▸ WHAT IS EXPECTED
Exact copy, pictures excluded: write out every line below.

▸ PROVIDED DATA
•••

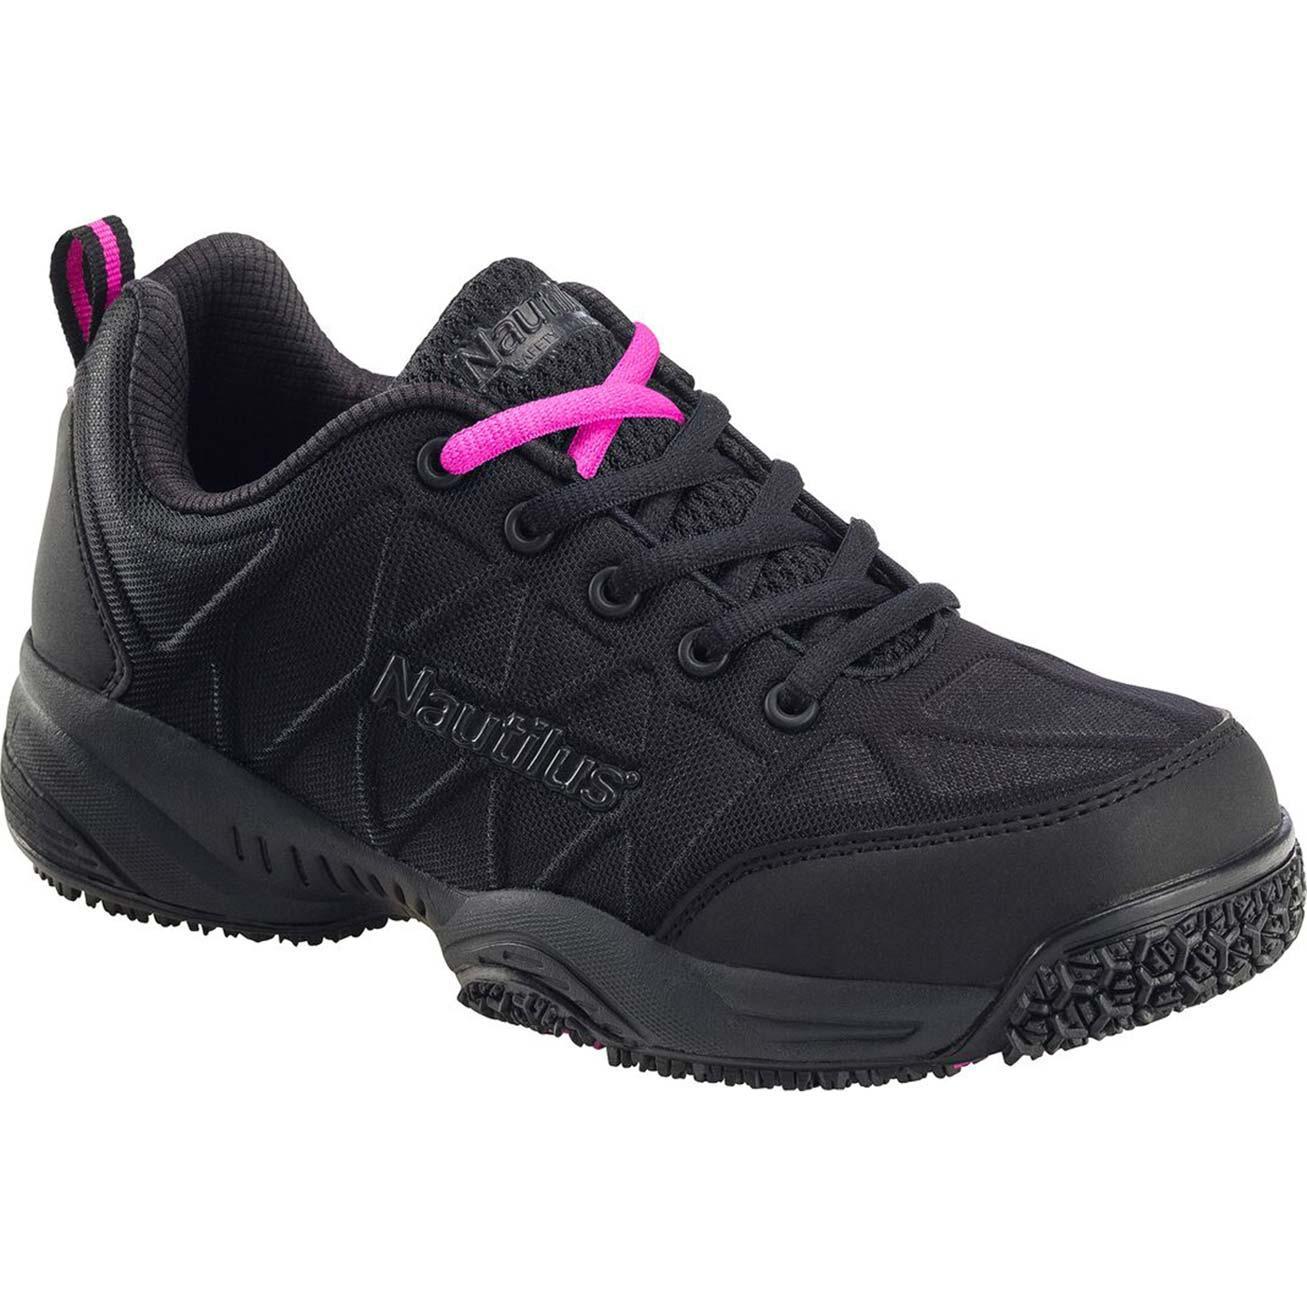 Composite Toe Work Athletic Shoe, N2158
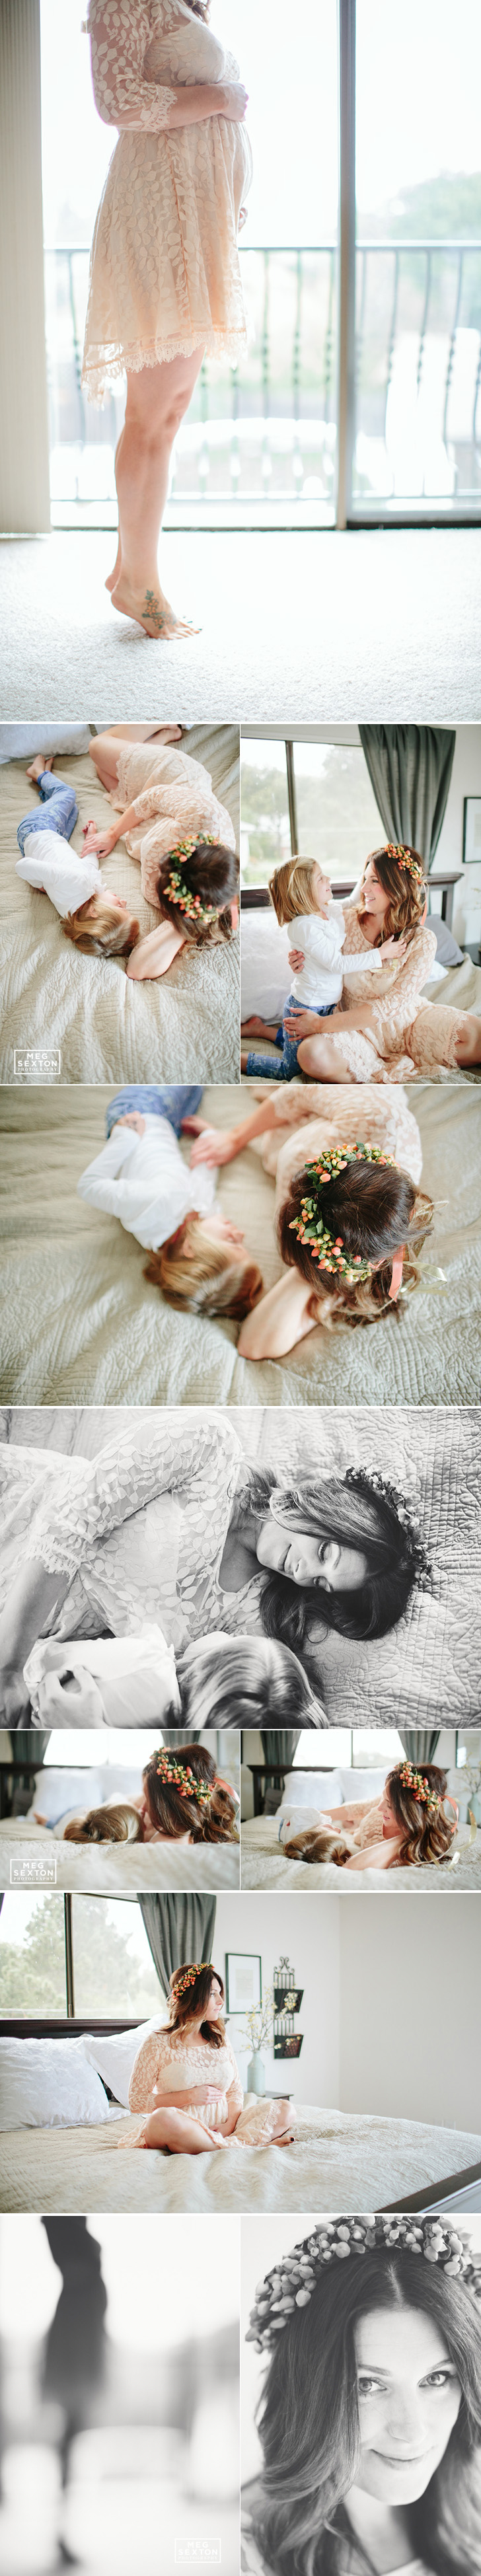 lifestyle maternity photos
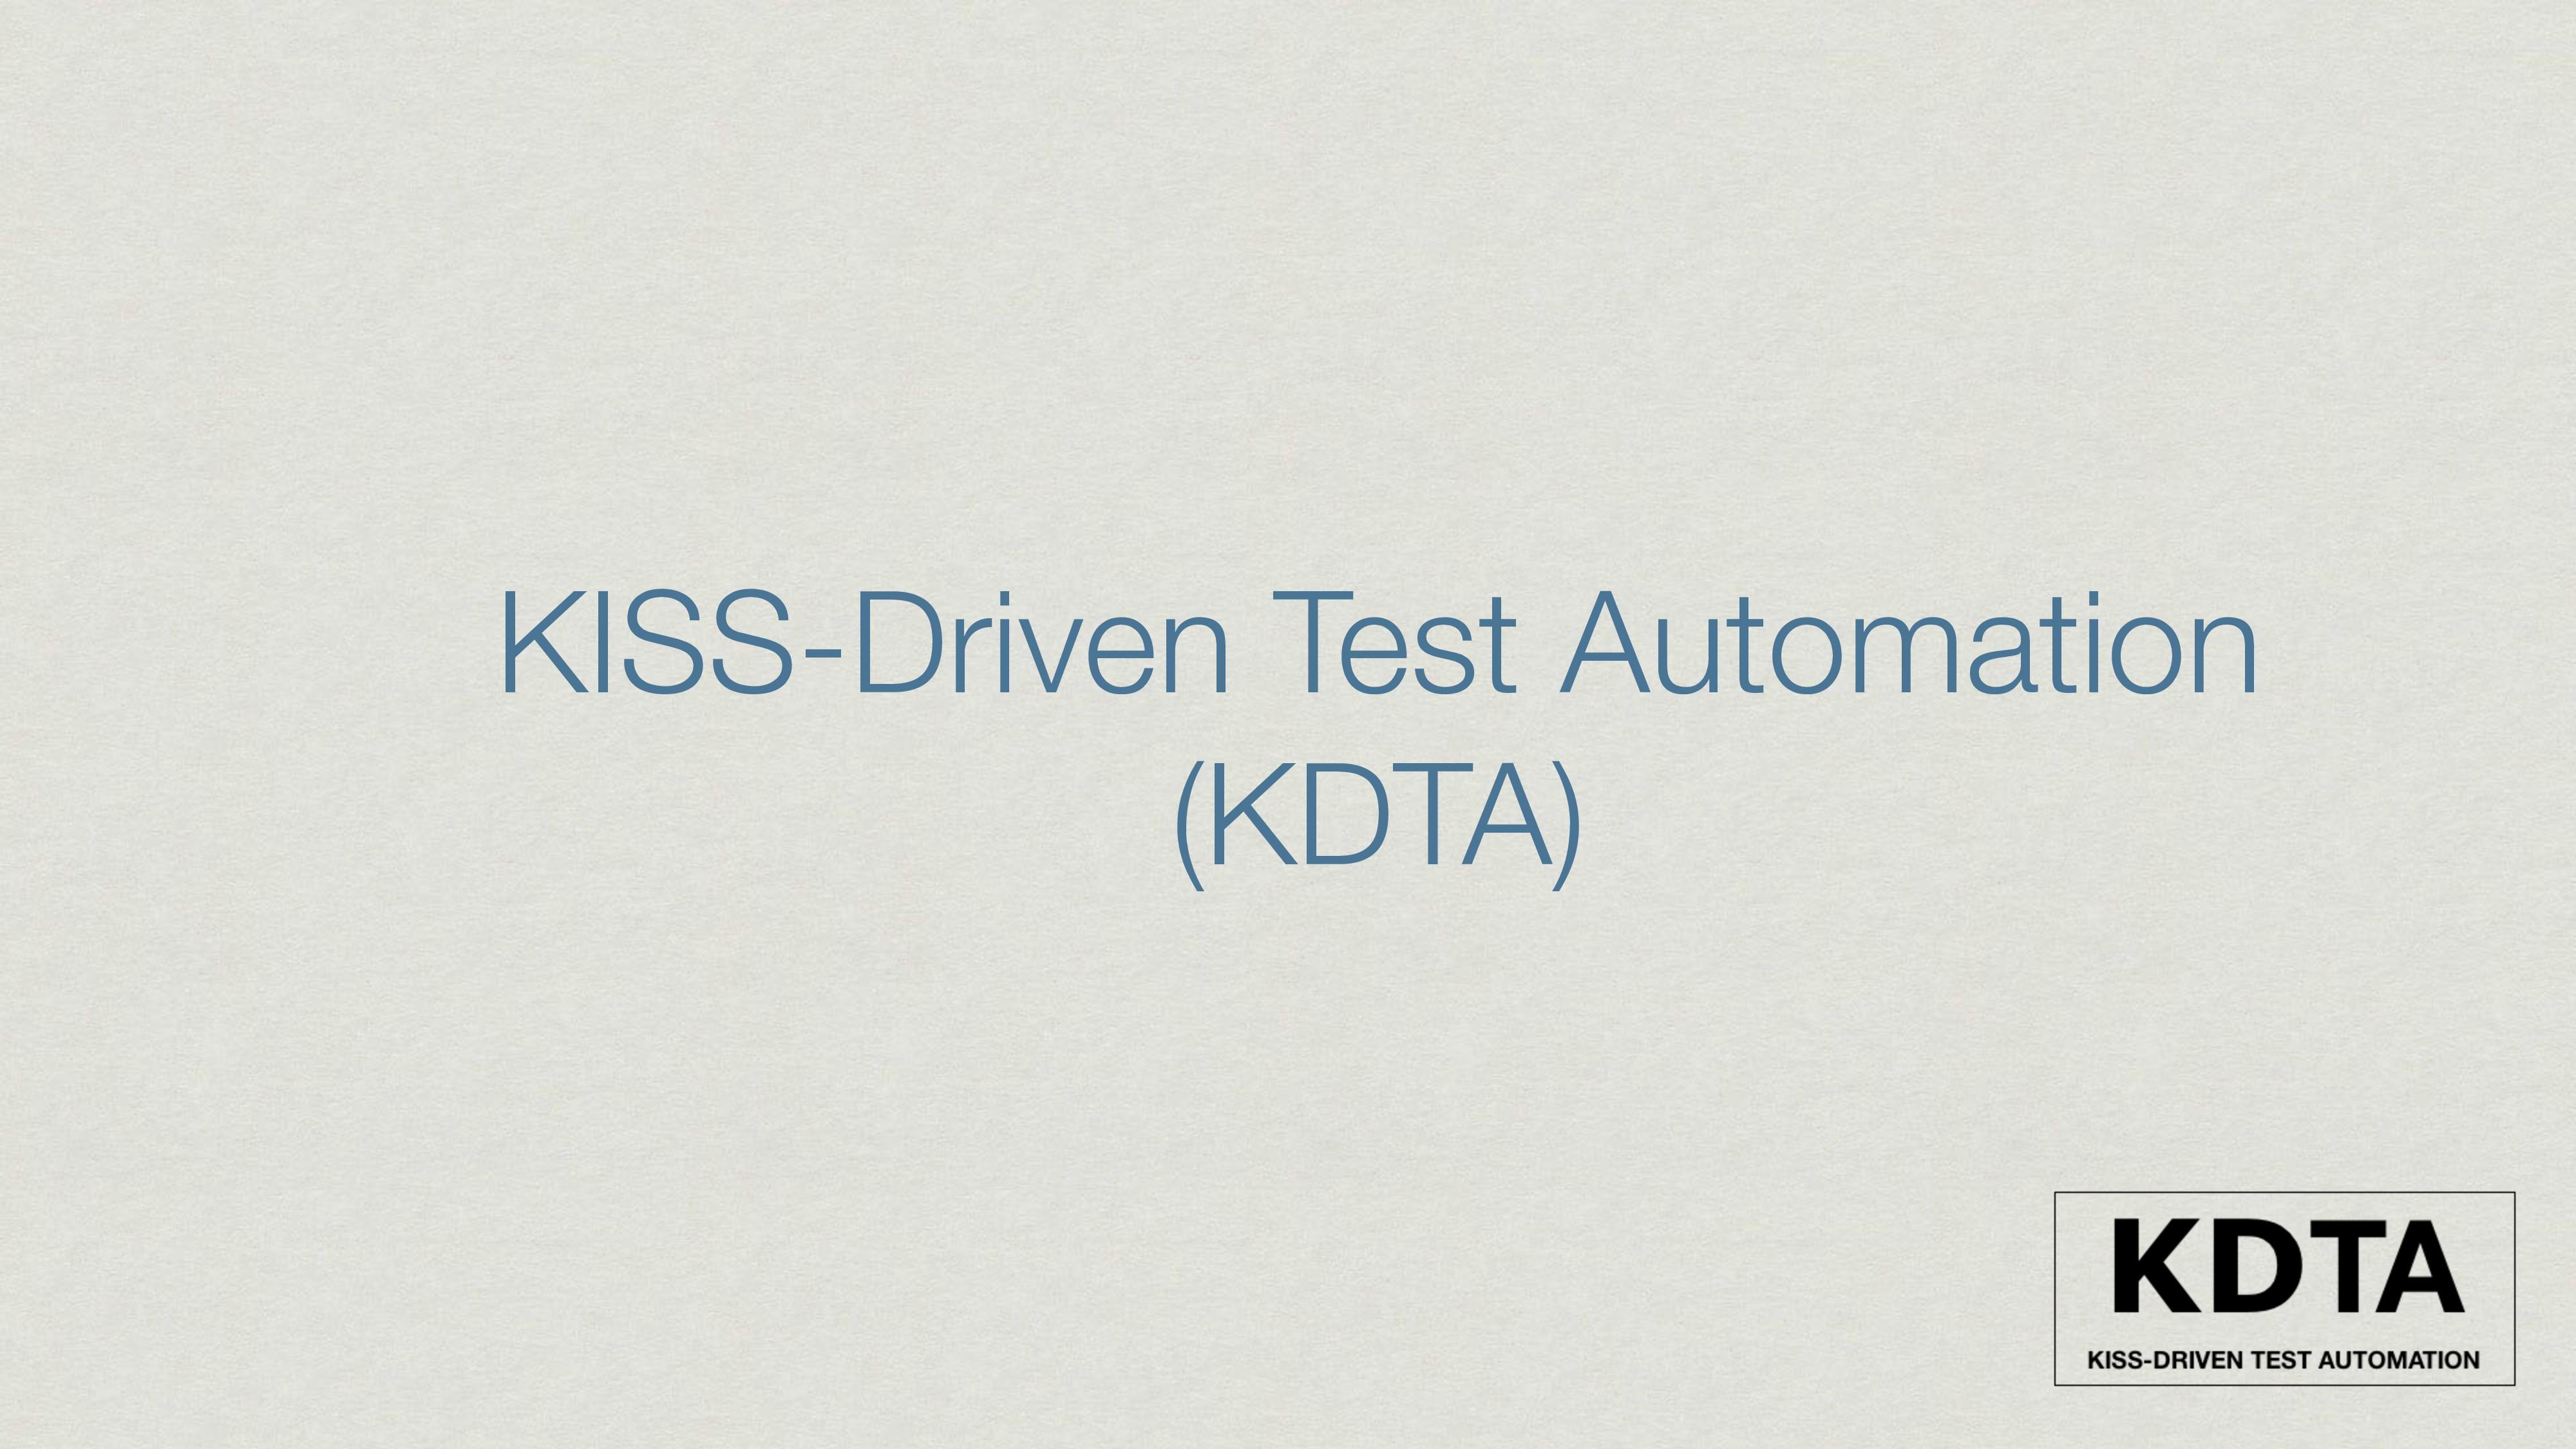 KISS-Driven Test Automation (KDTA)

•••

▸ RESPONSE AREA
 Composite Toe Work Athletic Shoe, N2158
 lifestyle maternity photos
 KISS-Driven Test Automation (KDTA)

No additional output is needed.